March of 2020 was the beginning of what would grow to be one of the biggest medical and economical issues the world has seen in decades. One that only intensified with time, proportional to the damage it made; resembling a small snowball rolling down a hill as it increased in size and its ability to damage.


It all happened swiftly. One day we were all joking around in close proximity to one another, and by the next, the streets were eerily empty, and any sound other than your own breathing resulted in an intense flinch.


Some could argue that the worst of quarantine was the confusion, a result of being left in the dark by the people of higher power. While others could argue that the worst of quarantine was the lack of social interaction, especially to those whose lives were brimming with it.
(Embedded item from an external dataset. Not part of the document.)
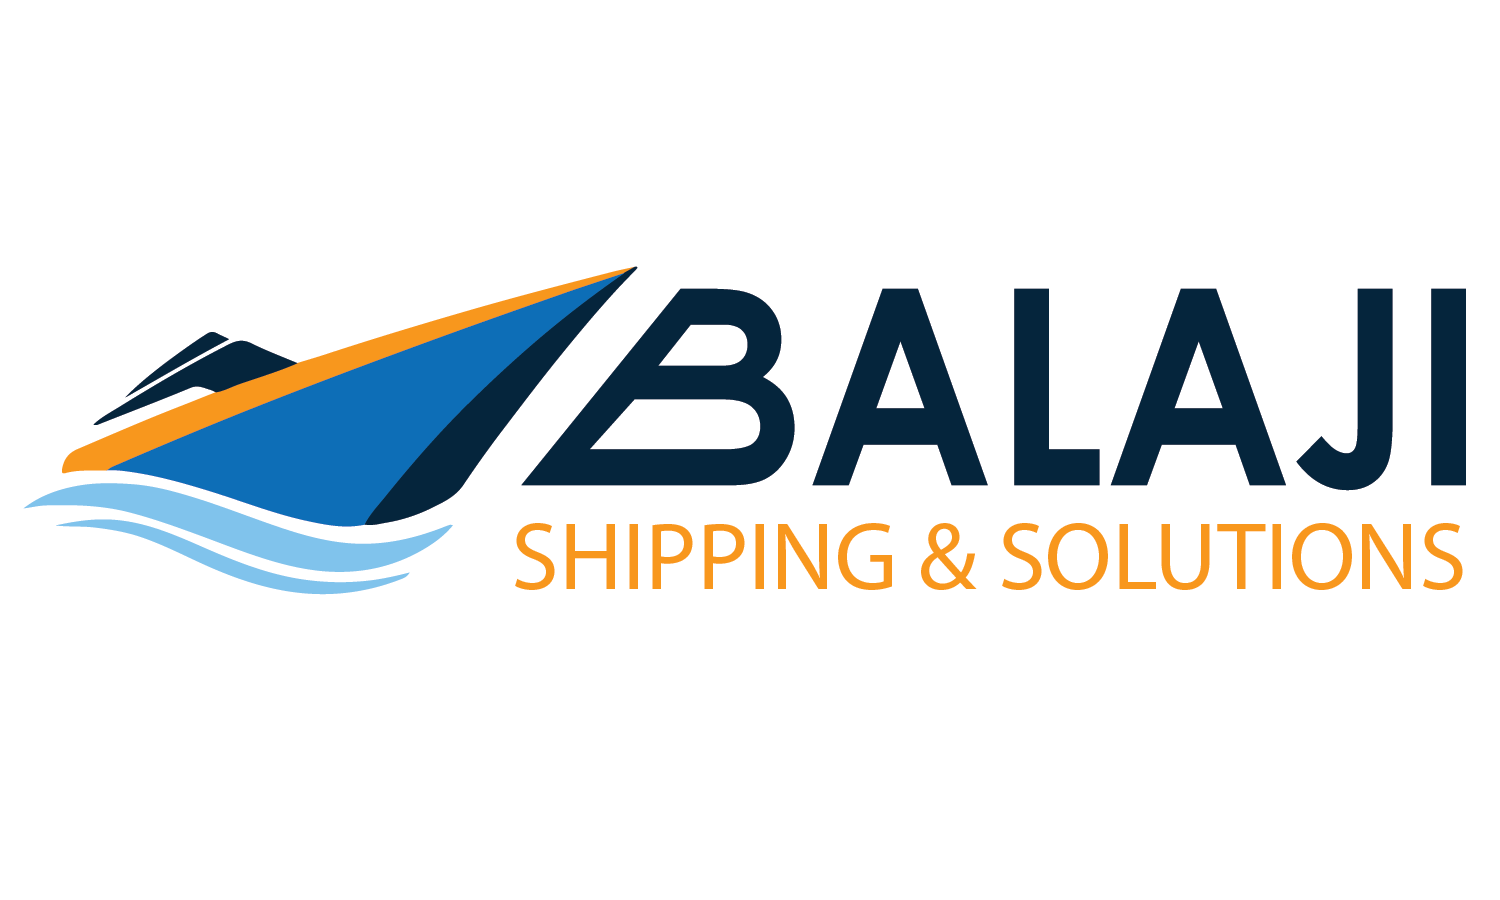 Balaji Shipping India

Whichever one it was, no one was impervious to the aching feeling in their chest when they recalled memories with friends or family. The feeling of longing, of looking back at things in our lives with no idea when we’d go back to them.
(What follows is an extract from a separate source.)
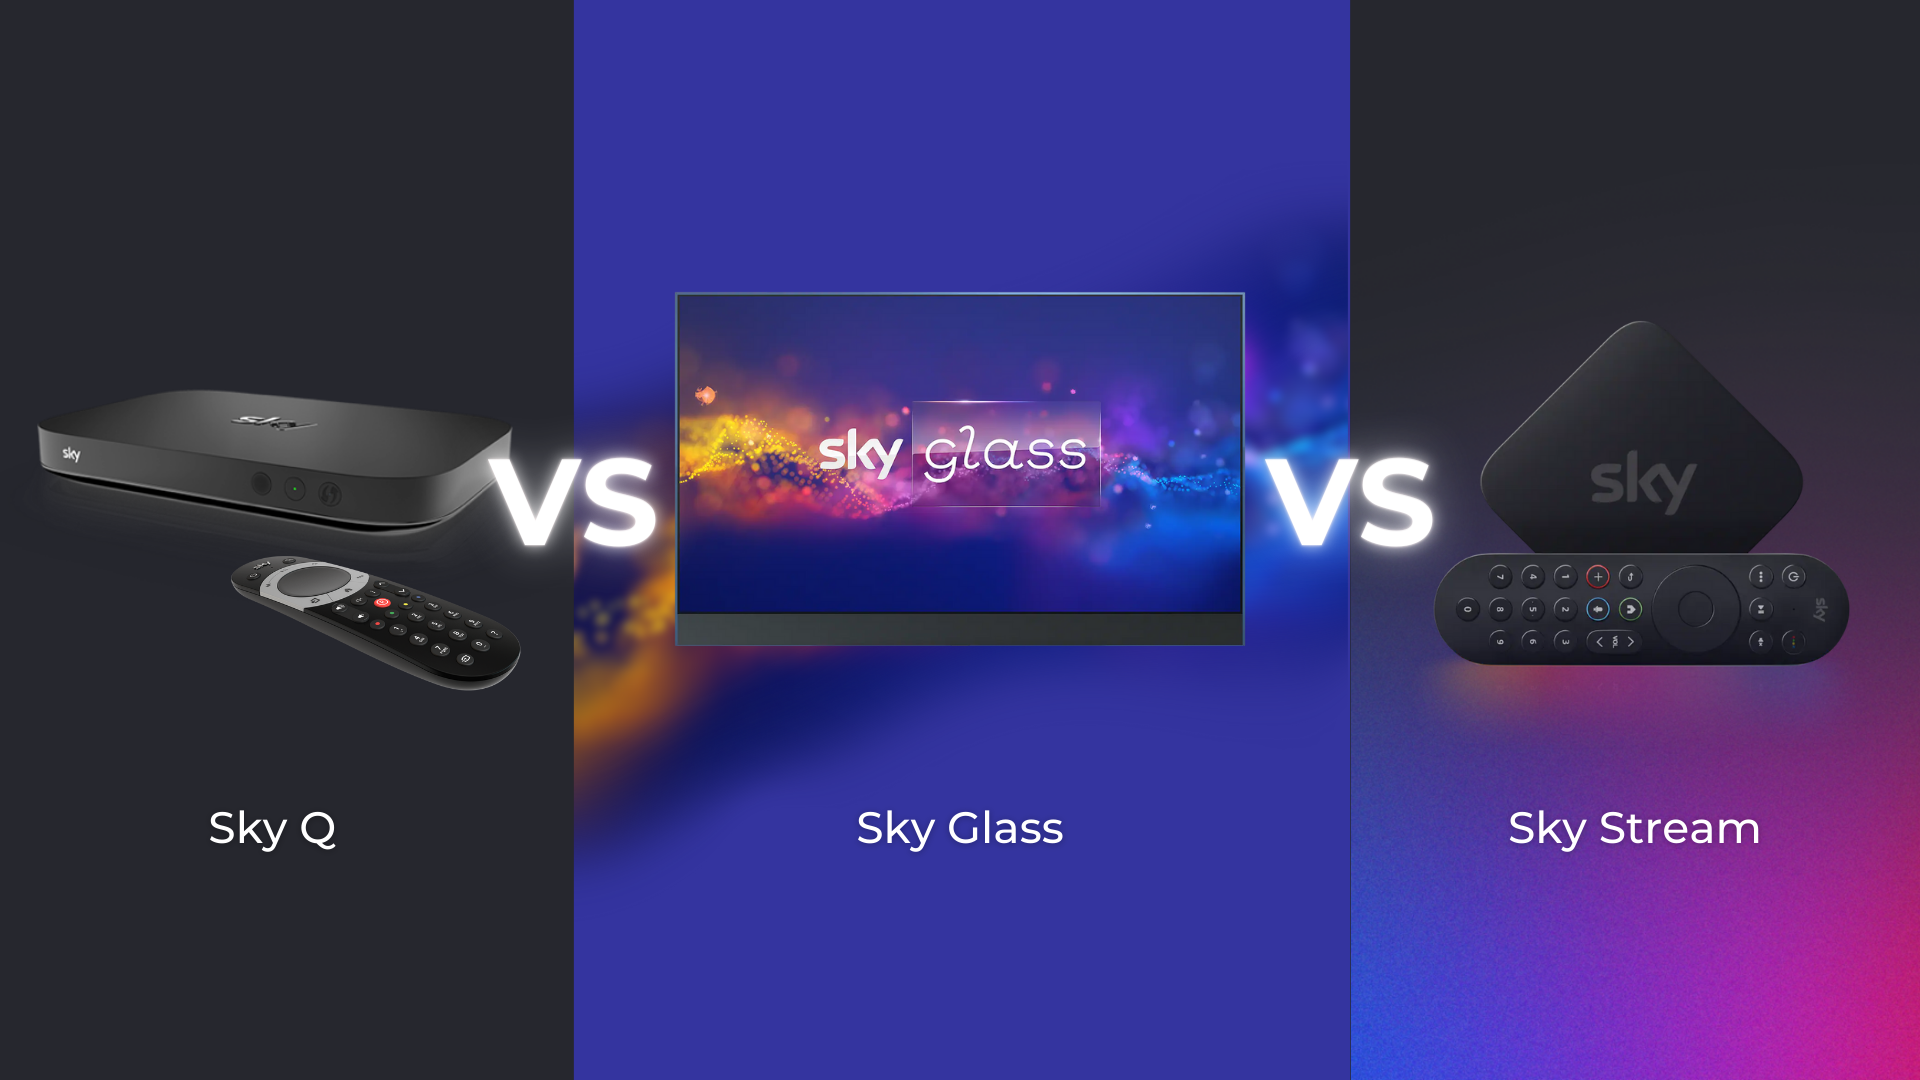 Sky Q vs Sky Glass vs Sky Stream

But what is this feeling exactly? And is there a possibility you were confusing it with something else?


Researchers at MIT found that during social isolation, the feeling of longing that you feel is similar, on a neurological level, to the craving you feel when you’re hungry. Rebecca Saxe, Professor of Brain and Cognitive Sciences at MIT as well as a member of MIT’s McGovern Institute for Brain research commented on their findings:


People who are forced to be isolated crave social interactions similarly to the way a hungry person craves food. Our finding fits the intuitive idea that positive social interactions are a basic human need, and acute loneliness is an aversive state that motivates people to repair what is lacking, similar to hunger.”

(Quote from https://news.mit.edu/2020/hunger-social-cravings-neuroscience-1123)


This study has been well in the works for a while, long before the pandemic. It was actually inspired by another study done in 2016 by Kay Tye, a professor at the Salk Institute:


During this study, they placed volunteers in isolated environments for up to 10 hours, making sure no social interaction was possible. After these 10 hours were up, the volunteers were placed in MRI machines in order to decrease social interaction as much as they could. This was only possible due to proper training that was given to the volunteers before the experiment. While they were being scanned, they were shown images of people interacting with each other, along with neutral images (ones not related to social interaction nor food) to serve as a control variable. The researchers then observed the brain activity in the Substantia Nigra, a part of the brain that has previously been linked with hunger cravings.


On a different day, the same volunteers fasted for 10 hours. They were scanned in MRI machines and shown images of food, along with neutral images of neither food nor social interaction. As the researchers expected, the signal produced in their Substantia Nigra following 10 hours of fasting was similar to that produced following 10 hours of isolation.



The results also differed depending on the history of the individual. Volunteers who reported having a more active social life felt the effects of isolation stronger than the volunteers who reported otherwise. Different degrees of isolation prior to the study produced different degrees of effectiveness on the brain.